Inspired by reference16, we designed a Transformer Network as shown in Fig. 4.

Figure 4
figure 4

Illustration of the features fusion network based on the transformer.

From Fig. 4, we can see that the template feature and search feature extracted by the backbone network first pass through the CA and SA channel modules respectively, and obtain \(x_{rgb}^{sa}\),\(x_{tir}^{sa}\),\(\widehat{zf}_{rgb}^{ca}\) and \(\widehat{zf}_{{{\text{tir}}}}^{ca}\). Then, the feature vectors are fed into the Transformer module, as shown in Fig. 4. First, \(x_{rgb}^{sa}\) and \(\widehat{zf}_{rgb}^{ca}\) pass through a Transformer attention module (BCTM). Then, \(x_{tir}^{sa}\) and \(\widehat{zf}_{{{\text{tir}}}}^{ca}\) pass through another Transformer attention module (BCTM). BCTM is used to fuse different branch information. To make the fusion information more accurate, the fusion process is repeated four times. Finally, an extra Transformer module (ACTM) is added to fuse the feature vectors of the template and search branches. BCTM and ACTM have the same network structure. Here, we will provide a detailed explanation using BCTM as an example.

Figure 5 shows the BCMT module for transformers. The BCMT module utilizes positional encoding to distinguish position information of feature sequences and utilizes a residual-based multi-head cross-attention to integrate feature vectors from different inputs. Additionally, a residual-based feed-forward network (FFN) is employed to obtain the final output. The specific calculation process of the BCMT module is as follows:

$$\begin{gathered} W_{CF}{\prime} = W_{Q} + MultiHead(W_{Q} + P_{Q} ,W_{KV} + P_{KV} ,W_{KV} ) \hfill \\ W_{CF} = W_{CF}{\prime} + FFN(W_{CF}{\prime} ) \hfill \\ \end{gathered}$$
(4)
Figure 5
figure 5

Illustration of the transformer cross transformer module.

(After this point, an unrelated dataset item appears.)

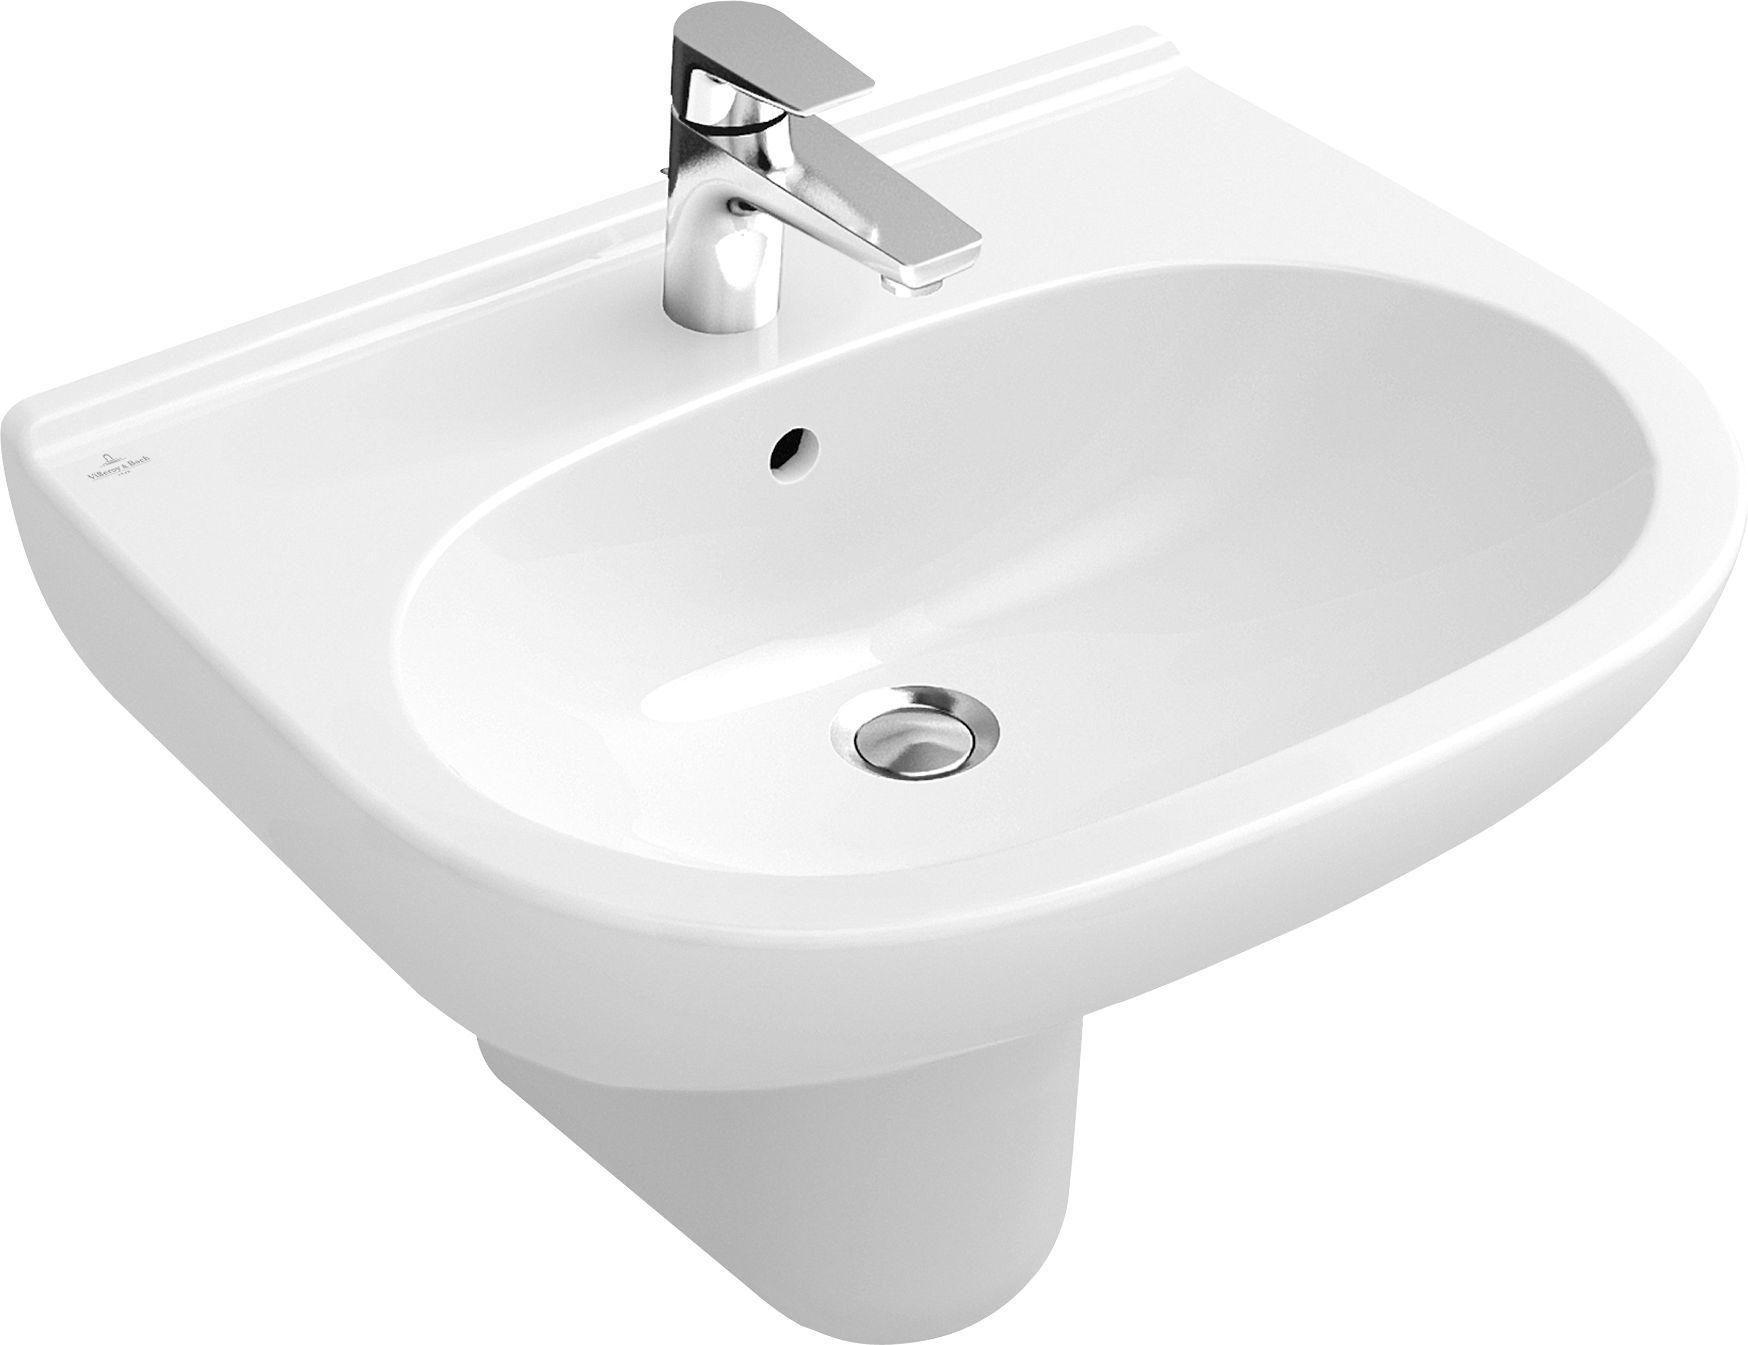 Villeroy & Boch O.novo Waschtisch B:65xT:51cm 1 Hahnloch mit Überlauf weiß mit Ceramicplus 516065R1

The calculation process of the CMT module involves \(W \in R^{{{\text{d}} \times N_{x} }}\) and \(W_{KV} \in R^{{{\text{d}} \times N_{KV} }}\) as two inputs from different branches, while \(P_{Q} \in R^{{{\text{d}} \times N_{Q} }}\) and \(P_{KV} \in R^{{{\text{d}} \times N_{KV} }}\) represent spatial positional encodings of \(W_{Q}\) and \(W_{KV}\). The output of the residual multi-head cross-attention and the final output are represented by \(W_{CF}{\prime}\) and \(W_{CF}\), respectively.

After ACTM, we obtain enhanced image features R1 of size 25*25*256. Next, referring to the lower part of Fig. 4, we observe that the image features that have not undergone the CA and SA modules are initially fused separately. For example, fusion of features \(\varphi (X1)\) and \(\varphi (X2)\) results in image feature \(\varphi (X)\) of size 31*31*m. Fusion of features \(\varphi (Z1)\) and \(\varphi (Z2)\) results in image feature \(\varphi (Z)\) of size 7*7*m. Firstly, \(\varphi (X)\) passes through a Transformer attention module (STM). Then, \(\varphi (Z)\) also passes through a Transformer attention module (STM). Finally, we transmit the obtained Q, K, and V to the Transformer attention module (BCTM), from which we can obtain image features R2 of the original image. We perform a CAT operation on R1 and R2, resulting in R:

$$R(X) = CAT\left( {R1,R2} \right)$$
(5)

In Fig. 6, we can observe the self-attention modules for the transformer (STM). These modules begin by incorporating a positional encoding technique to accurately differentiate the position information within feature sequences. Next, they utilize multi-head self-attention to consolidate the feature vectors from various positions. Lastly, a residual form is employed to obtain the output. The specific calculation process of the TS module is described below.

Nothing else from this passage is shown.